The pool from which employees are selected may be a sham where it is defined purely for the purposes of weeding out a particular employee, for example a trade union representative. This usually happens where the employer defines the pool narrowly. In one case, the employer was held to have acted unreasonably when a sales co-ordinator who had made a complaint of sexual harassment was put into a pool with two administrators who had completely different skill-sets.

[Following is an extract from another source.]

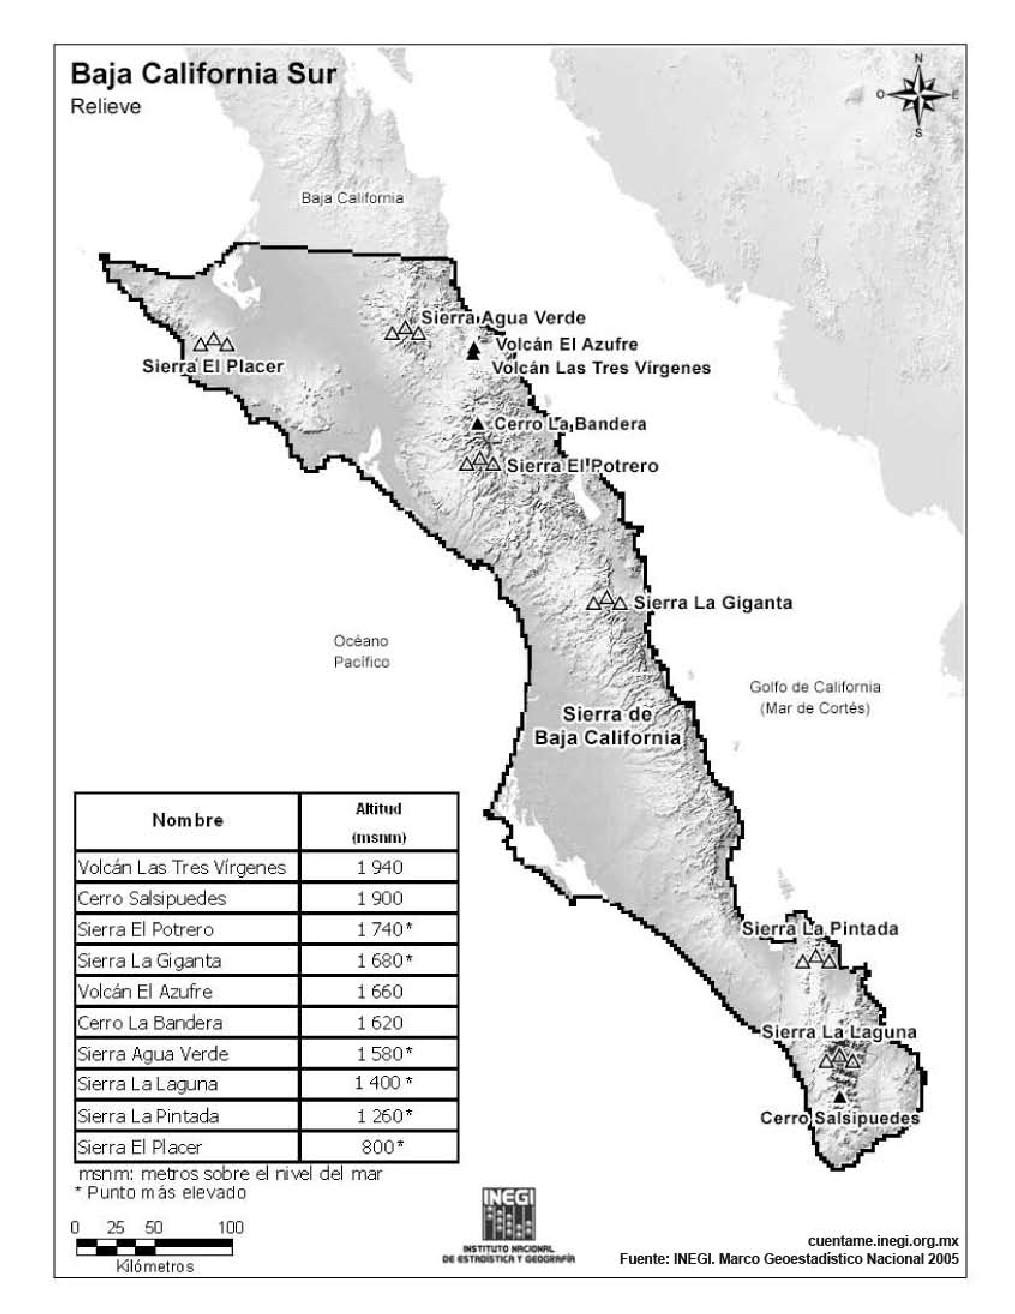 Mapa de montañas de Baja California Sur. INEGI de México

The pool should focus on the job not the person. If a trade union representative has been redeployed into another role to accommodate their trade union activities, whether they are included within the pool will depend on the job they are doing at the time. 

Selection criteria 

In some cases, the employer may have agreed the selection criteria with the union or workforce representatives. Where selection criteria have not been agreed, the employer should ensure that they are fair. 

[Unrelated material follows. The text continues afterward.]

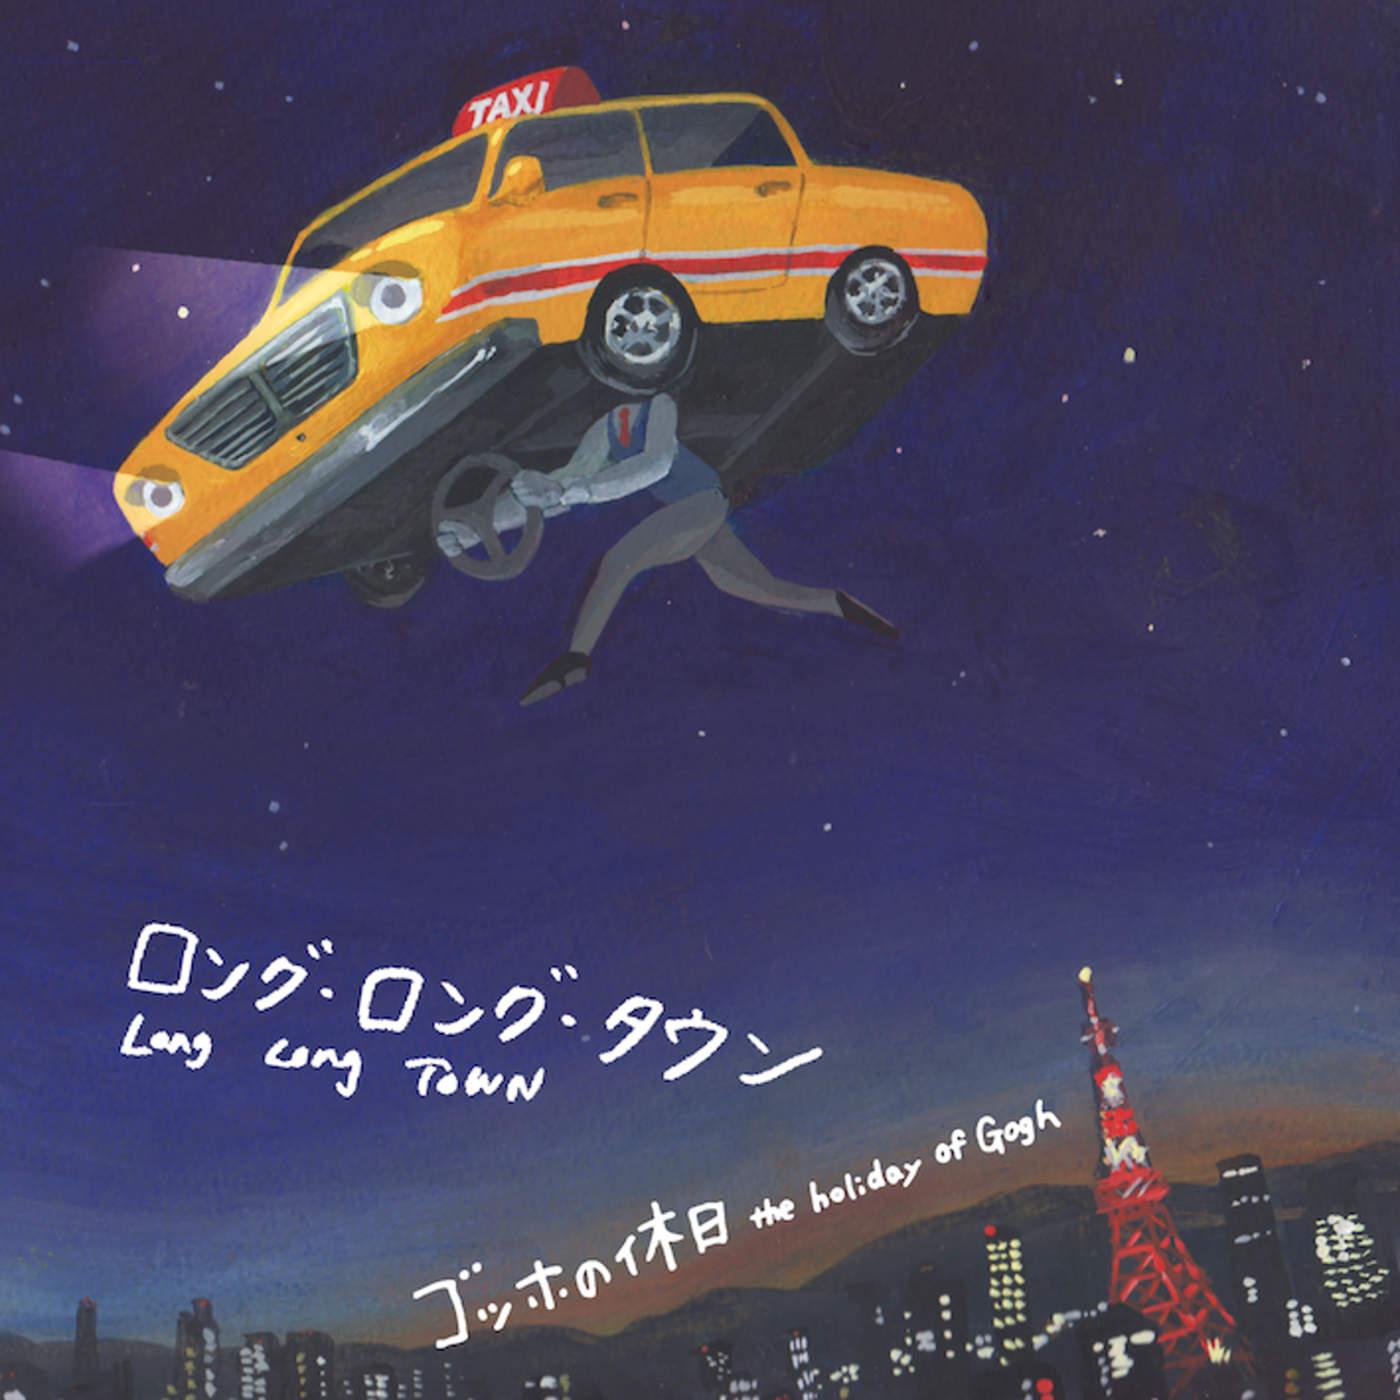 20160203.04.1 Gogh no Kyujitsu - Long Long Town cover.jpg

Some common criteria which are applied by employers include:

  • Length of service
  • Attendance/Absence
  • Disciplinary record
  • Performance and ability

 

Where the employer invites employees to apply for a post, the legal test which applies will depend on whether the employee is applying for a similar job or a completely different job. In the former case, a tribunal is likely to treat the interview as a selection process in which case the employer should consult the employee. 

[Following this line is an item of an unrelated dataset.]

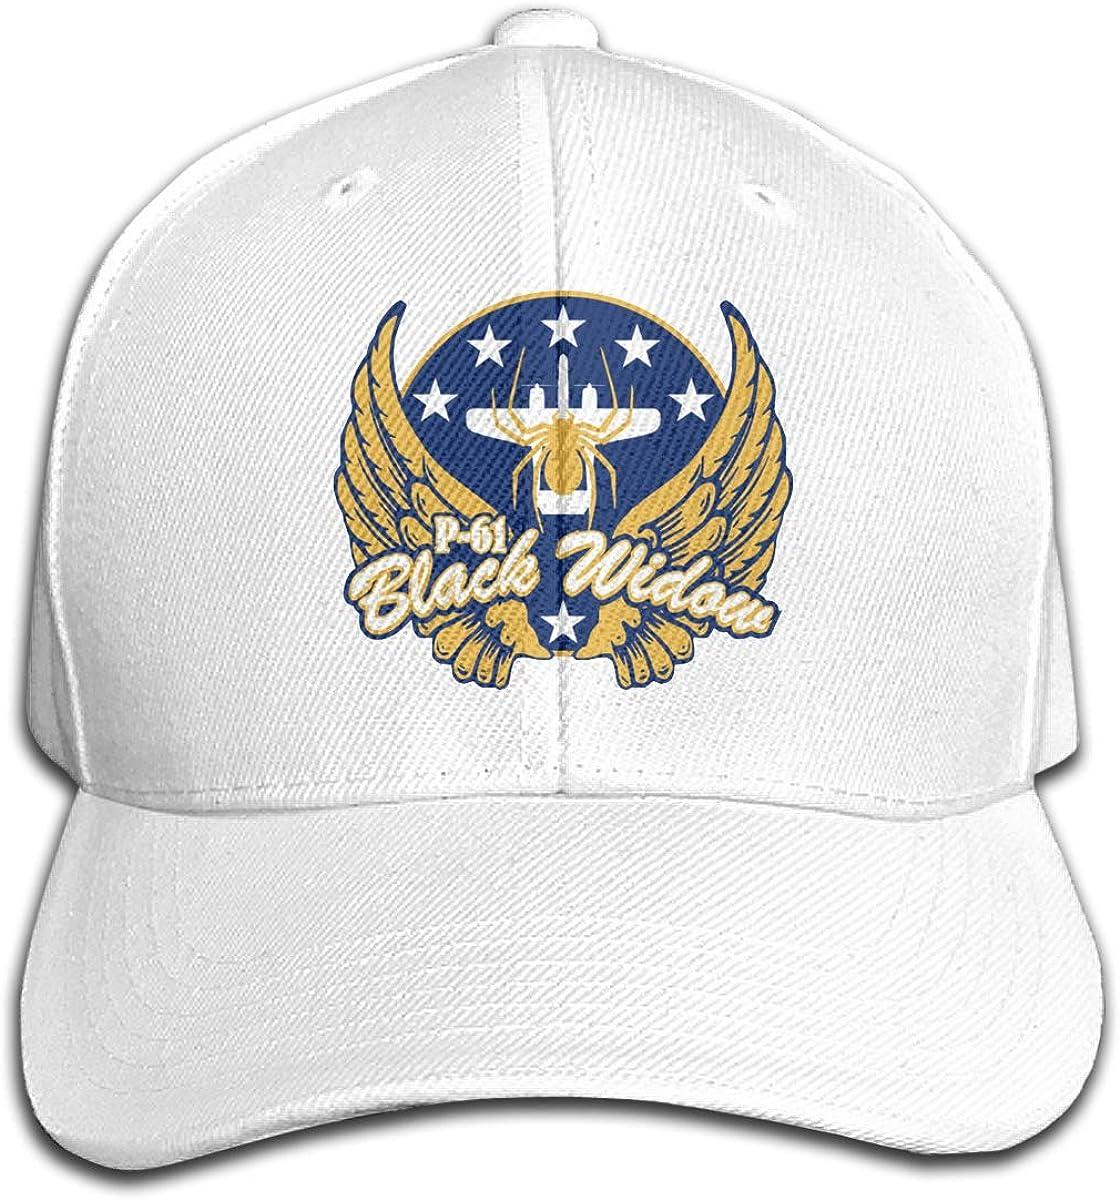 Zdsg WW2 Air Force USAAF Dad Hat Unisex Cotton Hat Adjustable Baseball Cap

In Gwynedd Council v Shelley Barratt (weekly LELR 688), a teacher who was required to apply for her own job was held to have been unfairly dismissed because the employer had failed to consult her. However, where employees are invited to apply for a completely different job, the tribunal will treat this as an offer of suitable alternative employment since the employees will effectively have already been selected for redundancy. In that case, the employer’s focus is forward looking i.e. on the person’s ability to perform the job. 

Applying the selection criteria

Having decided on the pool of employees and the selection criteria, employers then have to apply the criteria fairly. In Eaton Ltd v King, the Scottish EAT stated that it was sufficient for the employer to have set up a good system for selection and to have administered it fairly.

The tribunal held in Williams v Compair Maxam Ltd that the employer should “seek to establish criteria for selection which so far as possible do not depend solely upon the opinion of the person making the selection but can be objectively checked against such things as attendance record, efficiency at the job, experience or length of service.”

Nevertheless, it can be difficult for employees to challenge even subjective criteria unless there is evidence of bias, manipulation or some other fundamental flaw that renders the entire selection unfair.

Objective criteria such as attendance may indirectly discriminate against those who are clinically vulnerable and who have been unable to attend work as a result of coronavirus (COVID-19). If the worker has a disability, it could be argued that the criteria of attendance puts them at a particular disadvantage, namely being dismissed for redundancy. In that case, the employer is under a duty to make a reasonable adjustment which has the prospect of removing that disadvantage.

Similarly, selecting those who work part- time or are employed on a fixed-term contract for redundancy first may also be indirectly discriminatory. In Whiffen v the Governing Body of Milham Ford School, the Court held selecting fixed-term employees for redundancy indirectly discriminated against women since women were more likely to be engaged on a fixed-term contract and so more likely to be dismissed.

Conclusion

It is rare for an employer simply to select someone for redundancy because of a protected characteristic or because they are a trade union representative. However, unfairness and discrimination can creep in at any stage of the selection process.  Unions therefore have an important role in scrutinising each step of the selection process to ensure that it is fair, reasonable and does not discriminate.